Here is a review of a book I bought while still in "Early Adopters get the incomplete ebook" phase. Spring Roo Cookbook from Packt Publishing.
Title: Spring Roo 1.1 Cookbook Reviewed
Author: Ashish Sarin
Publisher: Packt Publising
Reviewer: Alex McLintock
[ This review refers to the ebook RAW edition which was not complete at time of writing. In particular chapters 5 and 7 were read in draft form. ]
Spring Roo is a code generation system for building CRUD style applications using the Spring framework for Java development. I am told that is a bit like Grails. My advice is that if you are building a web based application for Creating, Reading, Updating, and Deleting database records in Java, and you want to use Spring, then trying out Spring Roo is a good idea.
I've been looking at Spring Roo for some time but thought that the existing documentation lacked something. It seemed to be a topic which required lots of examples - and here we have them.
Although this cookbook doesn't replace the project documentation entirely it does go through most of the basic functionality you might need. At its core the cookbook includes a number of roo scripts which basically describe the sort of project you want to build...
* What your app is called.
* What logging do you desire
* what style of database
* database connection details
* what tables are in the database (or rather what entities exist in your problem domain)
* what the spec of those tables are.
* how they relate to each other
* what sort of web gui you want
It generates a maven style project for you which includes all the necessary libraries, and if you want, will turn that into an Eclipse project too.
The cookbook takes you through this in manageable steps with lots of the recipes adding features to a flight booking application. What pleased me is that the book does not assume you are totally familiar with Spring (as the official documentation does). Of course it is not going to teach you everything you might need to know about Spring. Instead it attempts to explain what Spring Roo actually generated and thus gives you a good start if you want to learn more.
My main criticism is not of the book, but more to do with Spring Roo. The cookbook kind of assumes that everyone wants to create CRUD applications and nothing else. You are left to figure out for yourself how to deviate from that. It concentrates on Apache Tiles 2 - because that is what Spring Roo uses by default. It concentrates on JPA as the database abstraction layer - [sarcasm alert] but then everyone on the entire earth uses Hibernate, don't they?
And of course, the Aspect Orientated Programming takes some getting used to.
There are two chapters on JPA which is perhaps the most important area. A chapter on Spring Web MVC which is really quite helpful if you haven't been using it all your life.

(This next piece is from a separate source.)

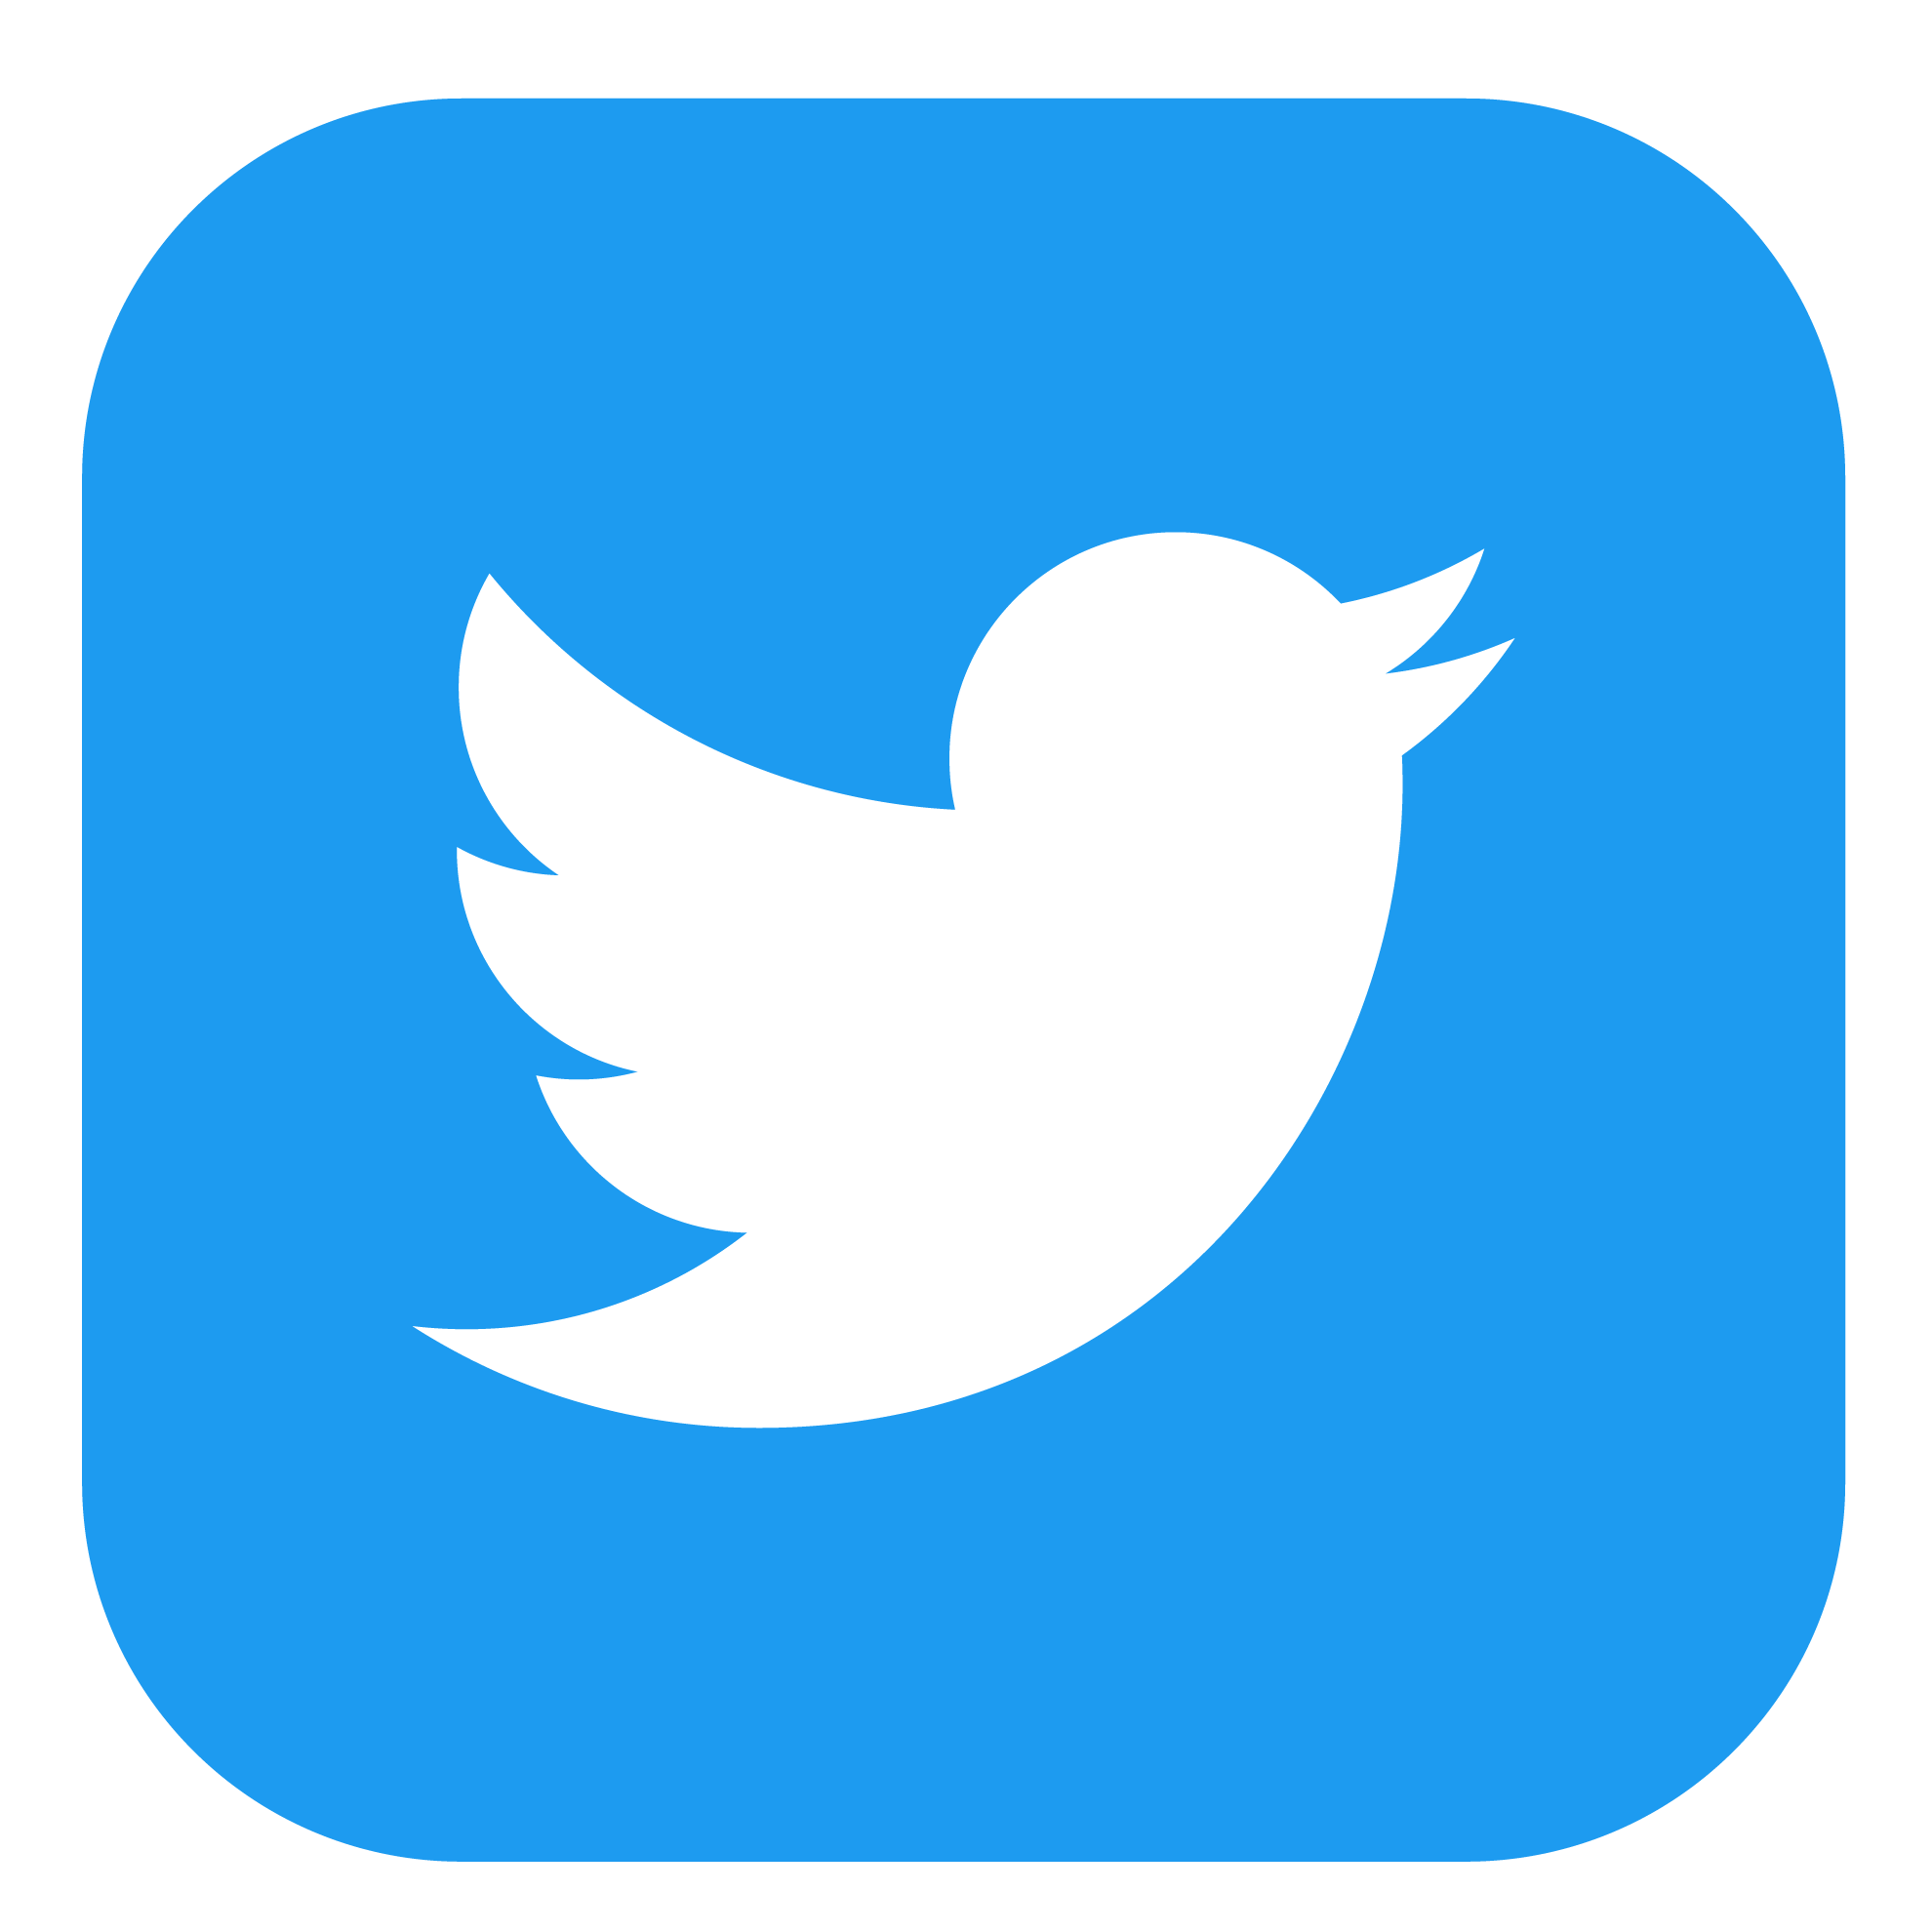 Logotipo de Twitter México en color azul

In my book the hot topic nowadays is GWT support and Chapter 5 talks about that, along with integration with Flex and Spring Web Flow. I am no GWT expert, but it is easy to see how much more sexy the generated app looks as a GWT one. I have to admit I don't know anything about Flex so skipped that bit.
Chapter Six is a bit of a grab bag of topics that didn't fit in any other chapter. It starts talking about some of the ways we can deviate from a simple CRUD application. It talks about how you might add mail capabilities (for user notification, for example), use messaging systems such as Apache MQ, deploy to Google App engine, and integrate with Apache SolR for search. (Though presumably the last two can't be done at the same time....?)
The final chapter serves a dual purpose. Either you decide Spring Roo is such a great tool for you that you decide you want to create some add-ons so that it creates the style of application *you* want. Or alternatively you want to remove all dependancy on Spring Roo and turn your project into a normal Spring project.
I can't say that I fully understand add-ons yet. I understand how to use them, but not to create my own. I'm not sure it has much of a place in this book because it is a more advanced subject - but I hope it remains and isn't taken out of the draft chapter.
As for removing roo from projects? That bit wasn't available in the draft I read.
All in all a good book which I can recommend as a first Spring Roo book. I don't know how it compares to others in the market, but I will be keeping an eye out for them.